Jigsaw also tries to tackle online censorship. How bad is this ­problem?

If you look at Freedom House’s index on this, they say that every year the situation is getting worse. That’s really discouraging, because it’s antithetical to what people who are developing the internet want for it. The situation is so volatile. When you have civil unrest, as there was recently in Iran, you see the dilemma of repressive governments around whether or not to shut down the internet because [censoring] it inflames the population and draws public attention and outrage. But if those who are in power feel threatened, they will censor.

What can companies like Alphabet do to counter this?

We feel a really big responsibility to help people get access to information, especially when there’s conflict and repression. One of our products focuses on protecting independent media around the world from a type of censorship attack called distributed denial of service, or DDoS, which knocks websites offline by flooding them with traffic. It’s called Project Shield. The idea for this came from our fieldwork. Our team spoke to the Kenyan election monitoring group, and their site had gone down on the day of a key election. Google has an enormous infrastructure and world-class DDoS mitigation capabilities, which Project Shield takes advantage of. Without websites having to host with Google or Jigsaw, it offers to vet traffic before it arrives at a server so we can spot the traffic that’s malicious and filter it out.
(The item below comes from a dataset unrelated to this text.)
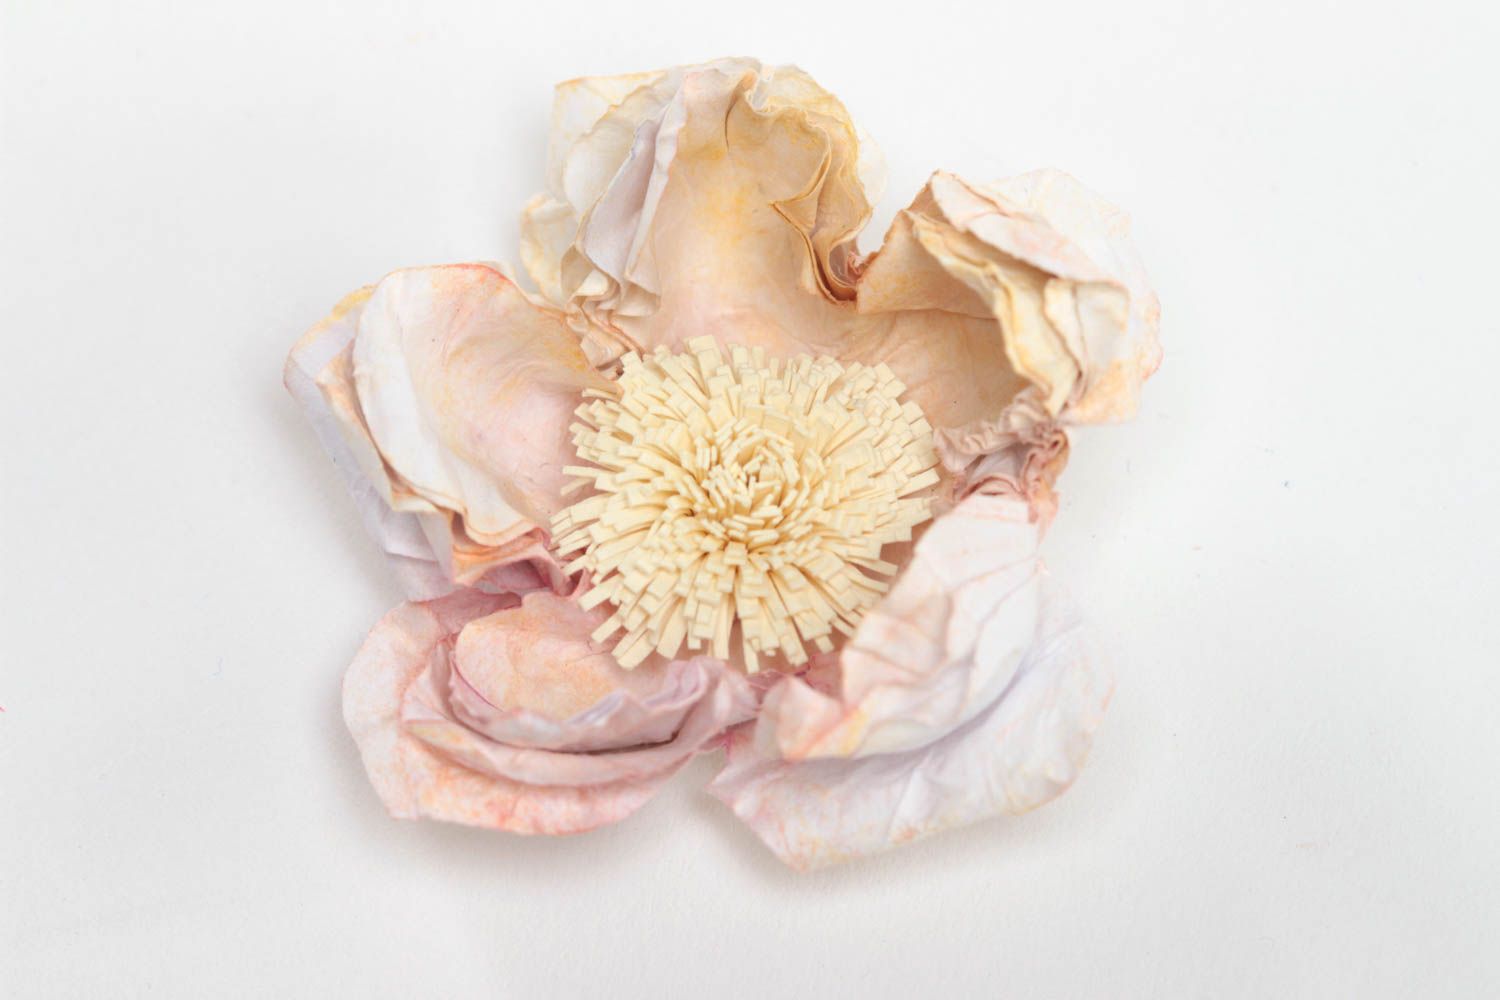 Красивый объемный бумажный цветок для декора открыток и блокнотов скрапбугинг фото 2

Let’s switch to the problem of fake news. How can we better identify state-sponsored disinformation efforts?

The goal of these campaigns is to plant ideas and narratives via fake personas and news sites, and then have these seeds fertilized by the masses so that the conversations look like they’re organic. The research question we’ve been asking ourselves is whether there are technical markers of coordinated, covert activity versus the more organic activity we expect to see online. If there are, we could use these in automated detection.
      
We’re looking at several dimensions here. Coordinated campaigns tend to outlast organic ones, and the people involved tend to wait to get instructions from their masters, so there’s sometimes a slight delay before they suddenly act together. Those actors also tend to be linked in extremely tight networks or clusters that look anomalous. There’s also a semantic dimension. These campaigns often use similar words and phrases that can be a signal of centralized control.

Web companies have been criticized for not doing enough to address online hate speech and harassment. Is that criticism fair?
 
I don’t think anyone imagined that we’d have the level of intimidation and hate speech online that we currently do, and we have to try really hard to make sure that we’re getting ahead of it.

What is Jigsaw doing to frustrate online trolls?
 
We have a team dedicated to seeing how natural-language processing and machine learning can be used to identify online toxicity and help moderators and communities in tackling it. There’s a model we’ve developed that’s publicly available, called Perspective, and you can find it at www.perspectiveapi.com. This helps you score comments for their level of toxicity. The research team is looking at ways to get to another level of granularity to help us better identify what’s happening and how moderators can control it.

There’s been a lot of concern that bias in algorithms could harm certain groups in society. Is this something you’re also focused on?

Yes. We’re spending a lot of time thinking about how we can ensure that we don’t have biases in our AI in Perspective that could be harmful to the goals of that project, which is to create inclusive and empathetic conversations.

You spend a lot of your life focused on the dark side of the internet. Are you still optimistic about its potential?

I am, but we need to keep developing innovative technologies that can help address these really hard challenges.